## EXERCISE OBJECTIVE:
With pictures excluded, copy word for word the lines in the data below from the line containing "Shop Pro Standard" through the line containing "Portsmouth, New Hampshire’s".

## ENTRIES PROVIDED:
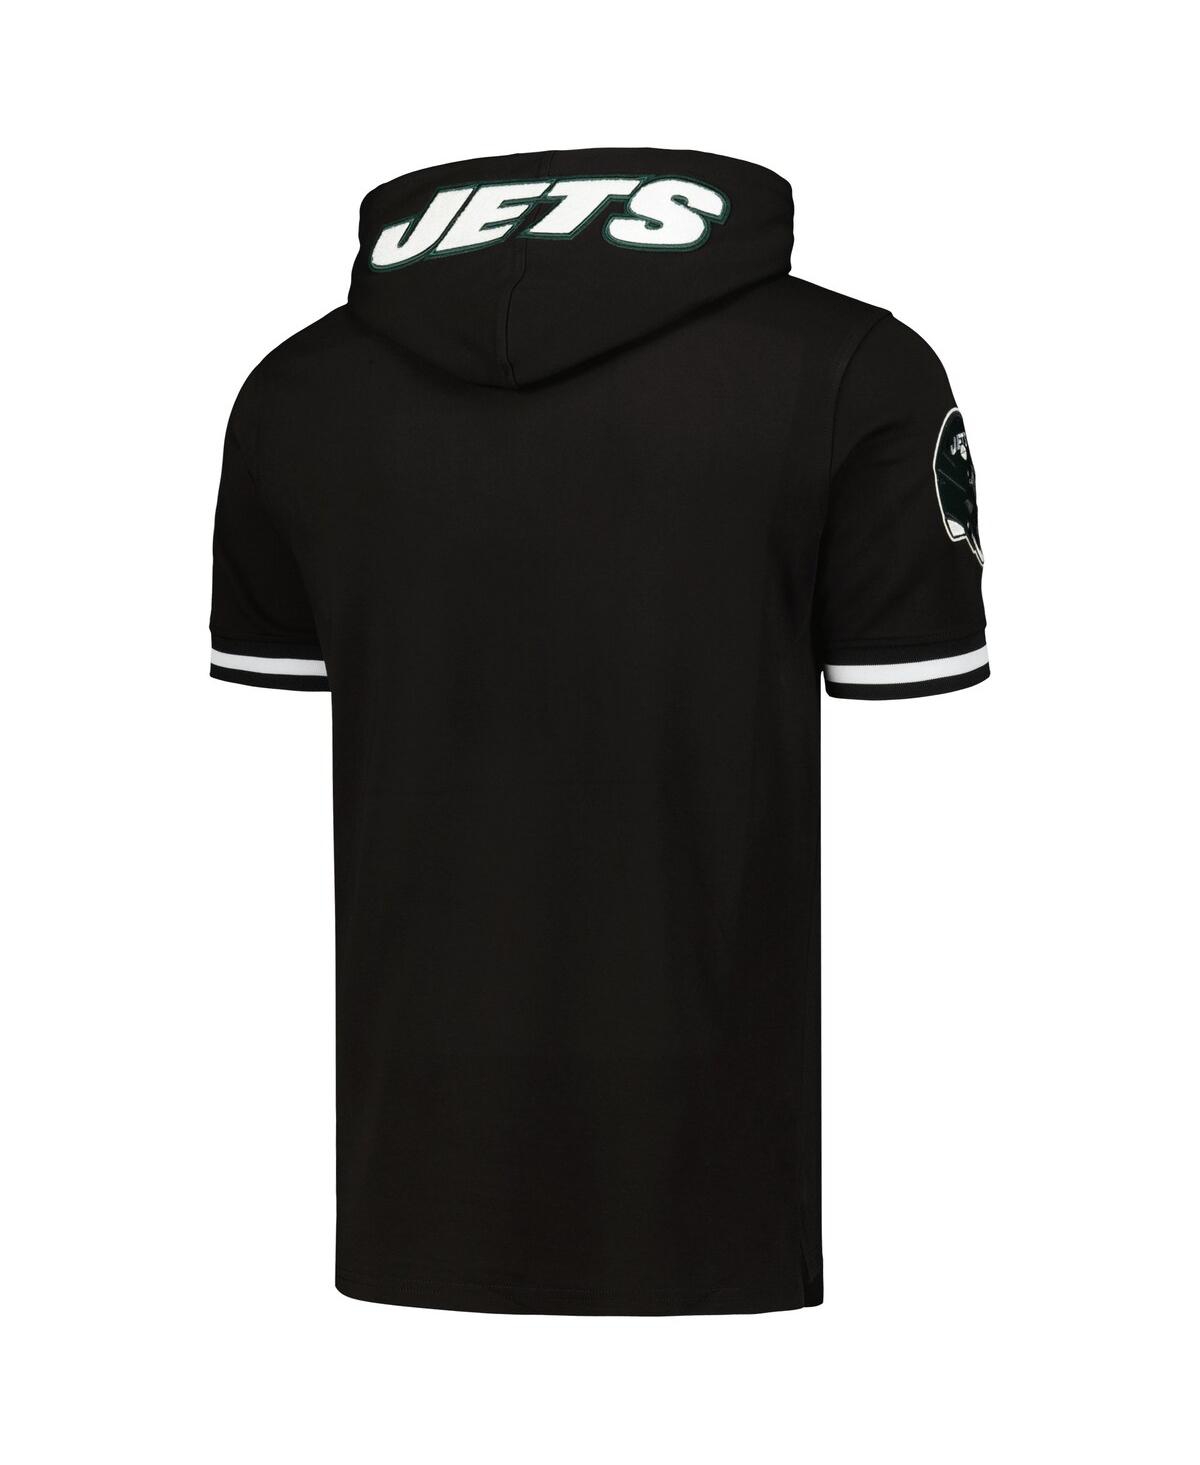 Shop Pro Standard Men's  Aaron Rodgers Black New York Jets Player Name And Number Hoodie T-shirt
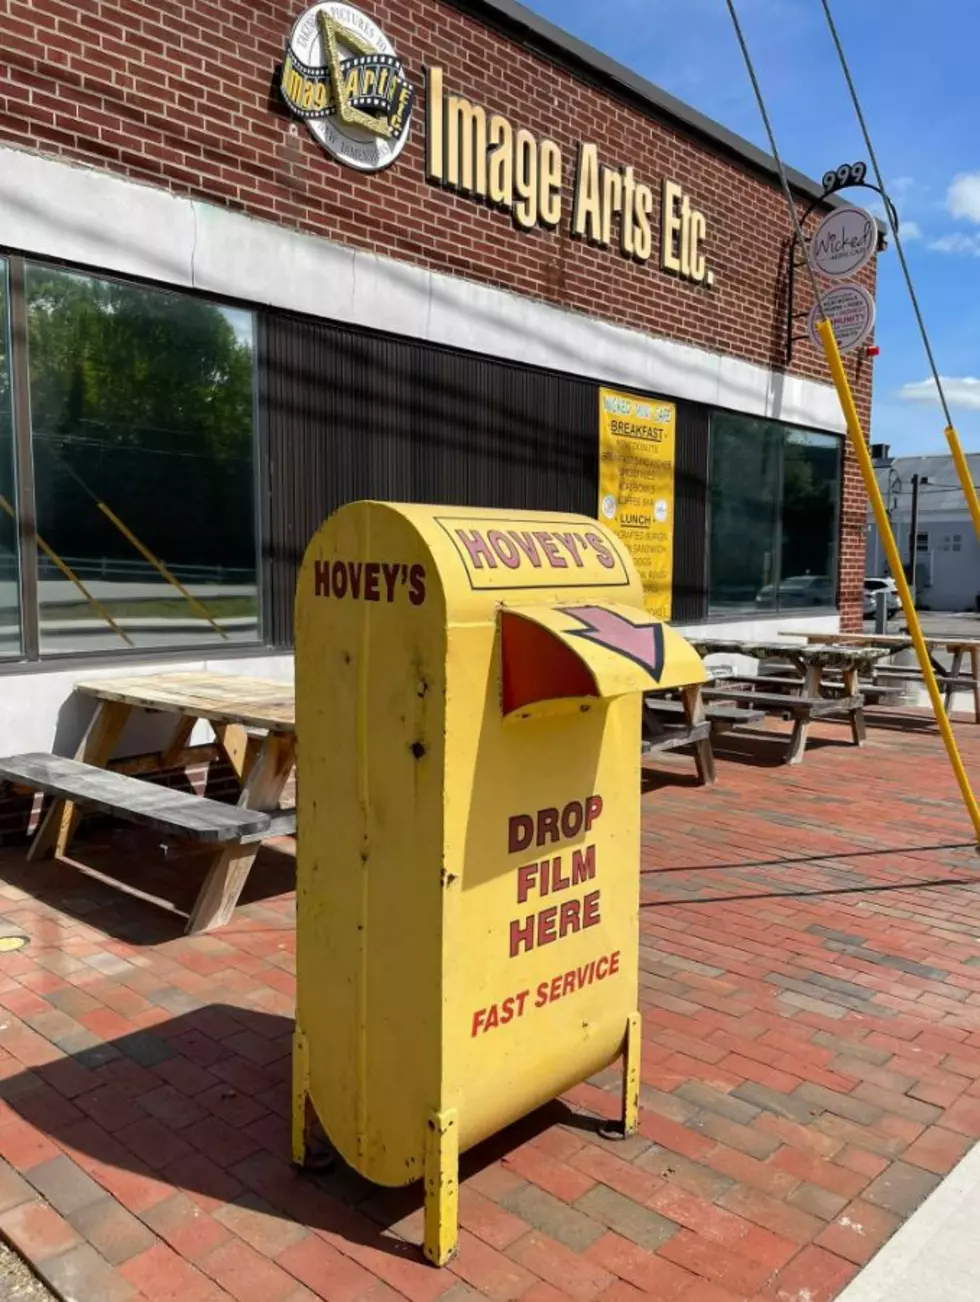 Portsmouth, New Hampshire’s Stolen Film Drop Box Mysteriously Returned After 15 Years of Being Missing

...

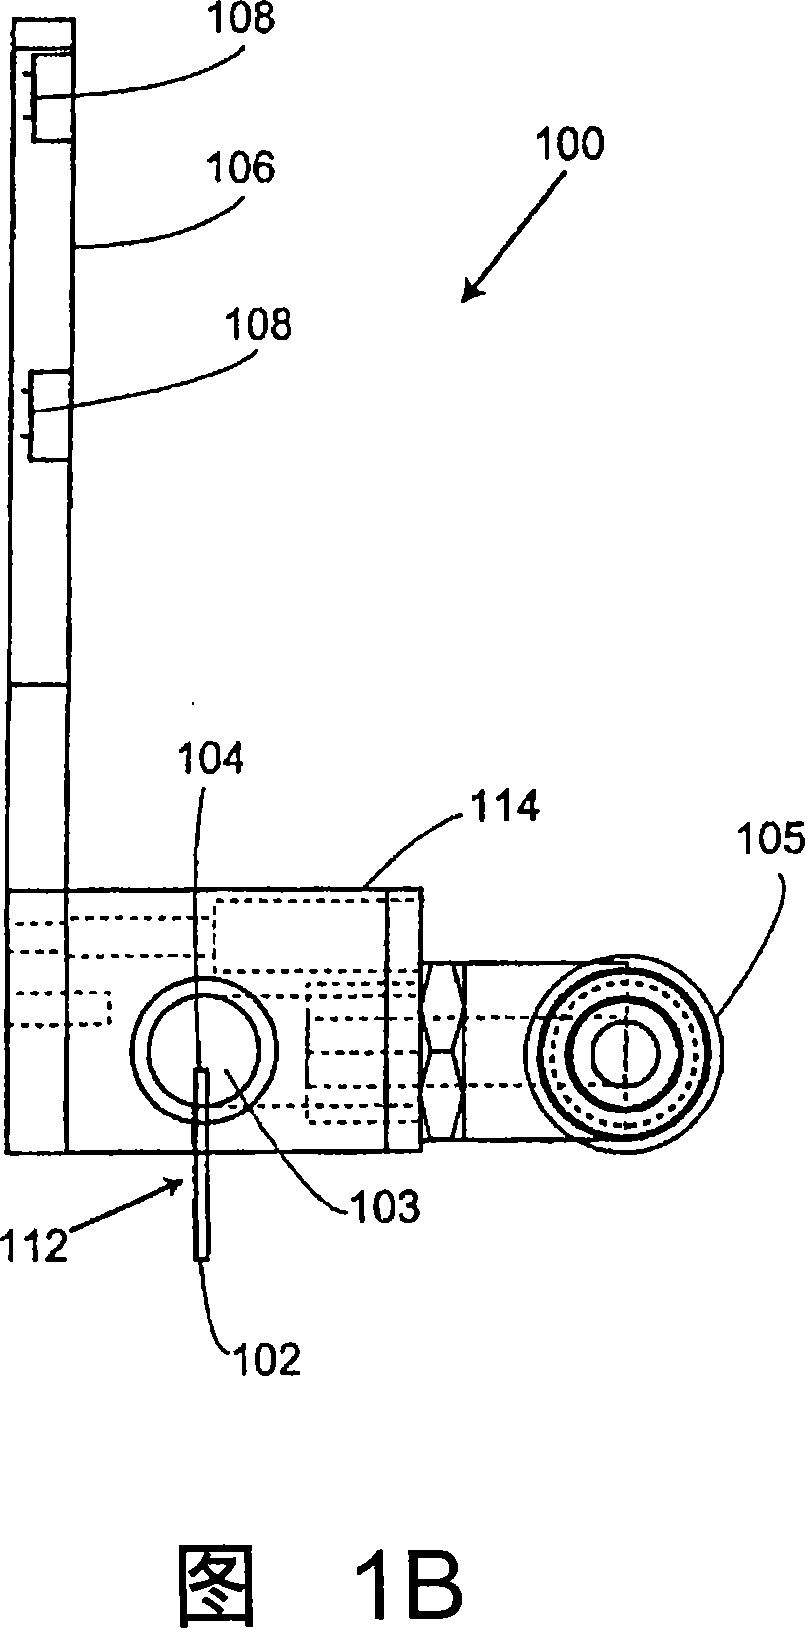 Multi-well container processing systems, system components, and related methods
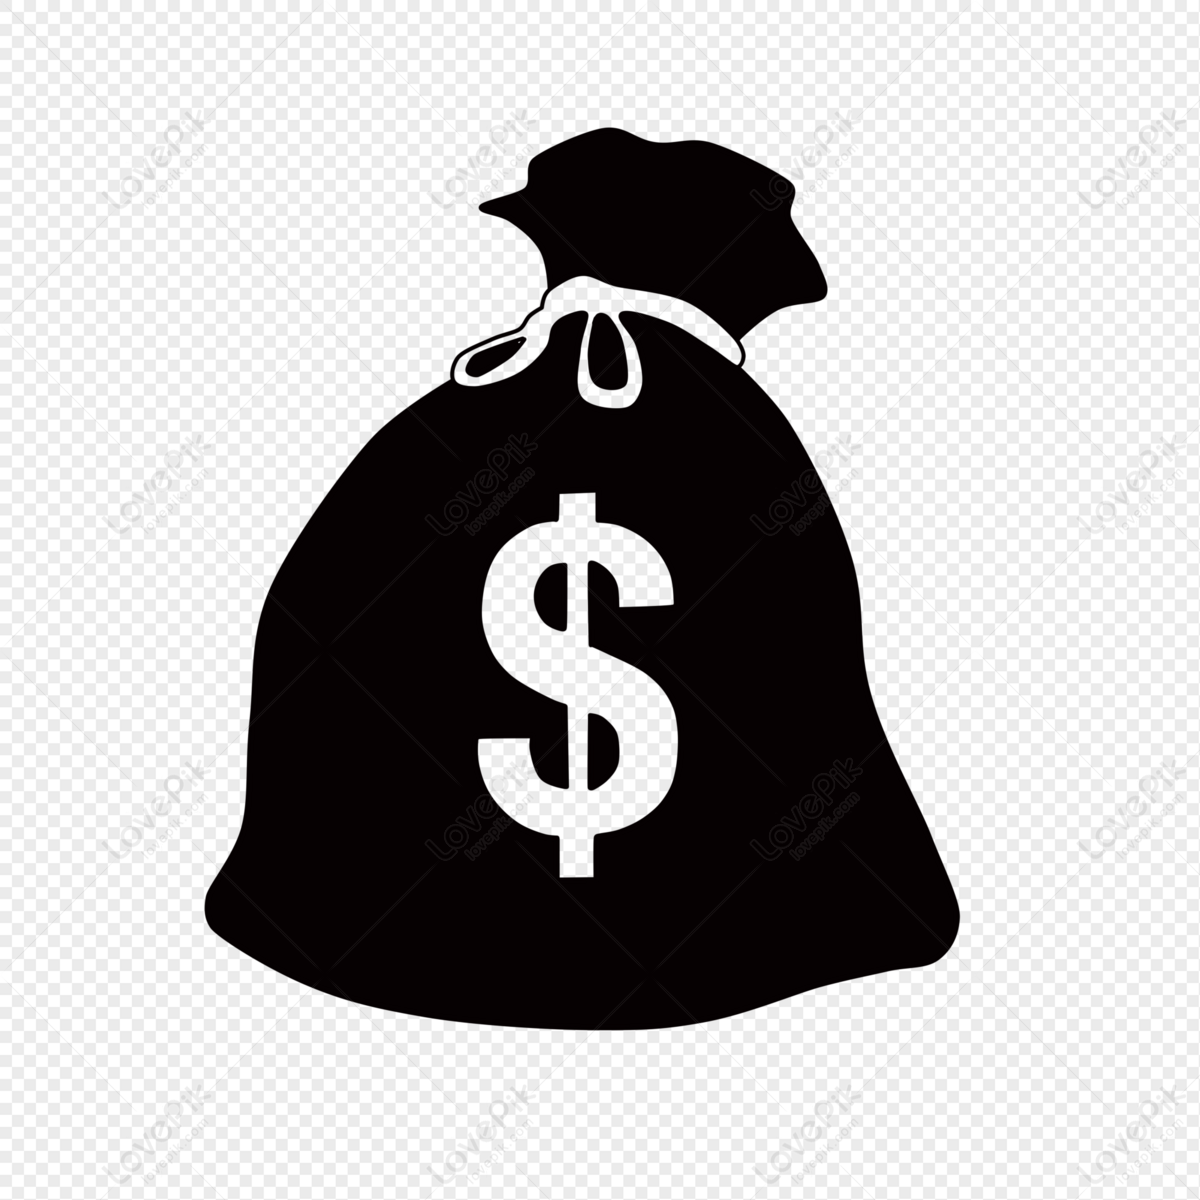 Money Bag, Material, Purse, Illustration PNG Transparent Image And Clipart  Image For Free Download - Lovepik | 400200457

==

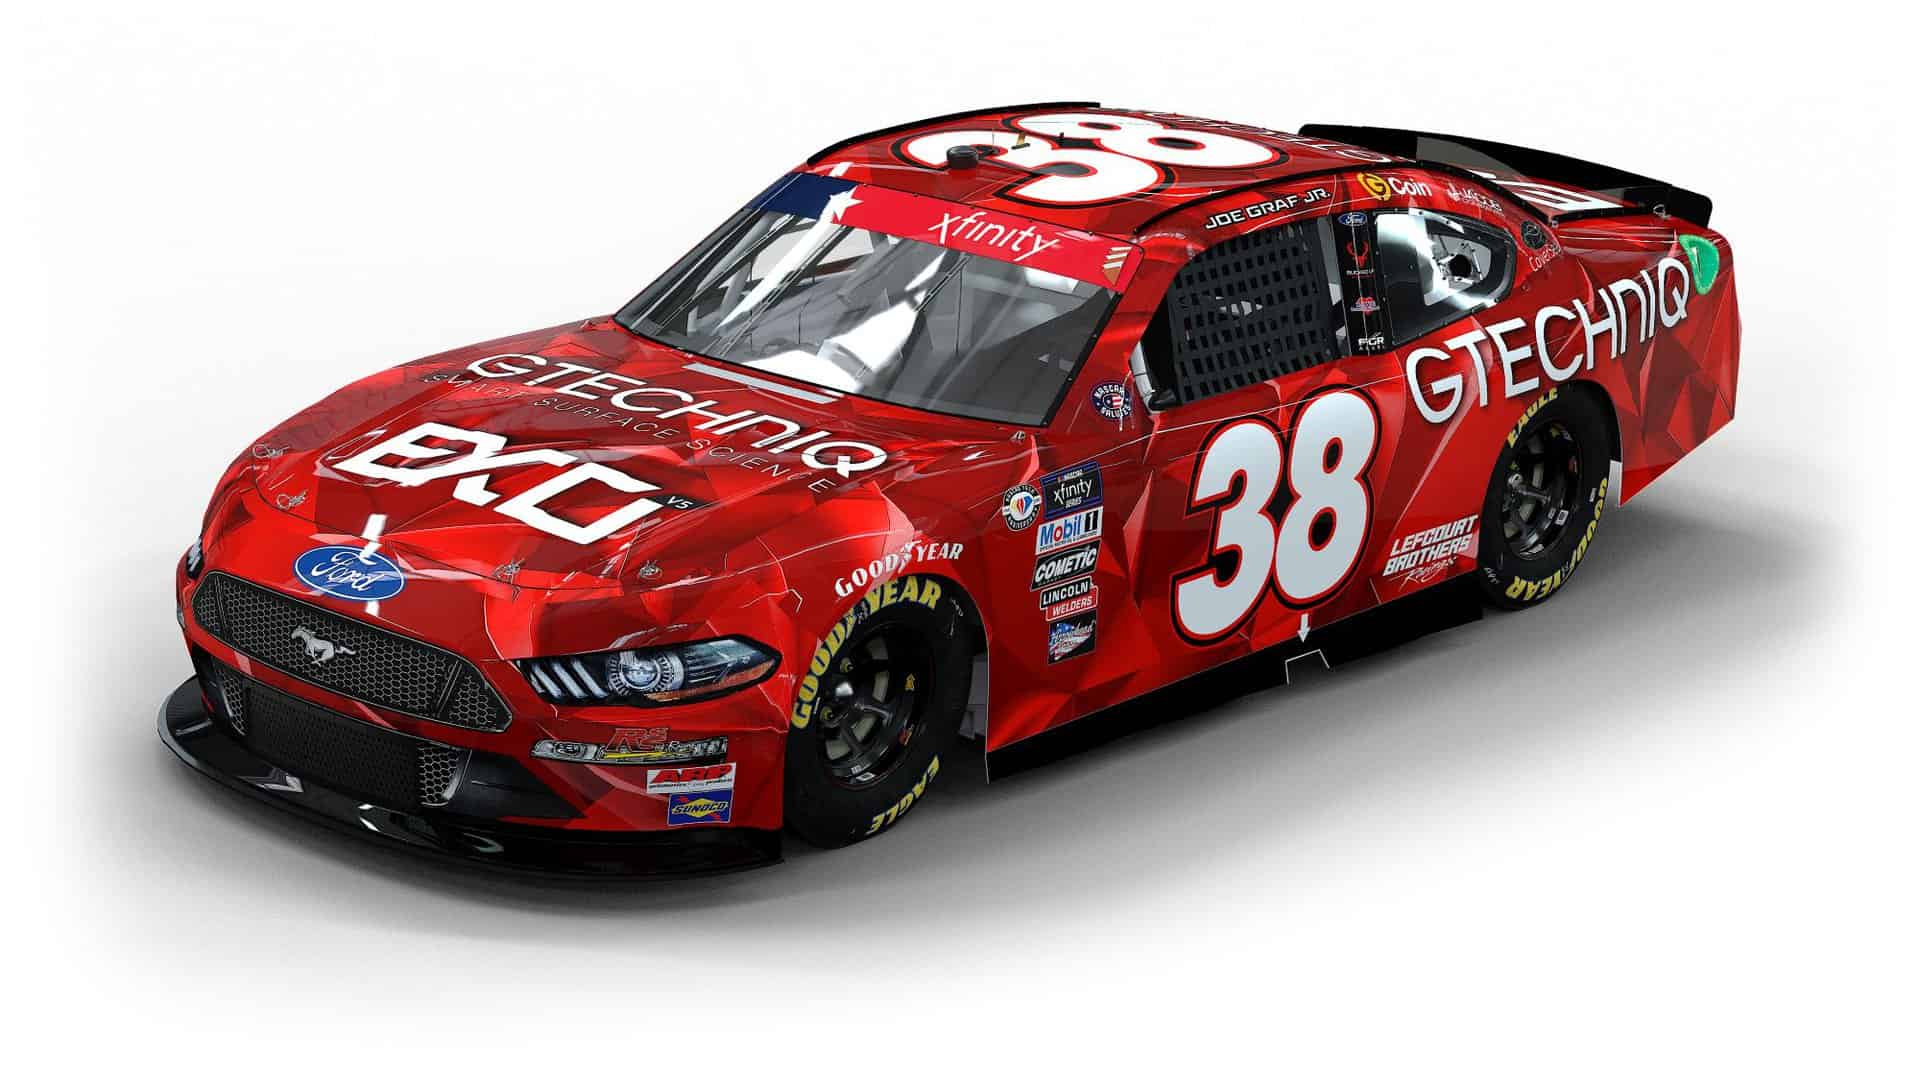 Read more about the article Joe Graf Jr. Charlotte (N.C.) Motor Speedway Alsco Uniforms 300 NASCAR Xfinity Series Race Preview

## WRITTEN SOLUTION:
 Shop Pro Standard Men's  Aaron Rodgers Black New York Jets Player Name And Number Hoodie T-shirt
 Portsmouth, New Hampshire’s Stolen Film Drop Box Mysteriously Returned After 15 Years of Being Missing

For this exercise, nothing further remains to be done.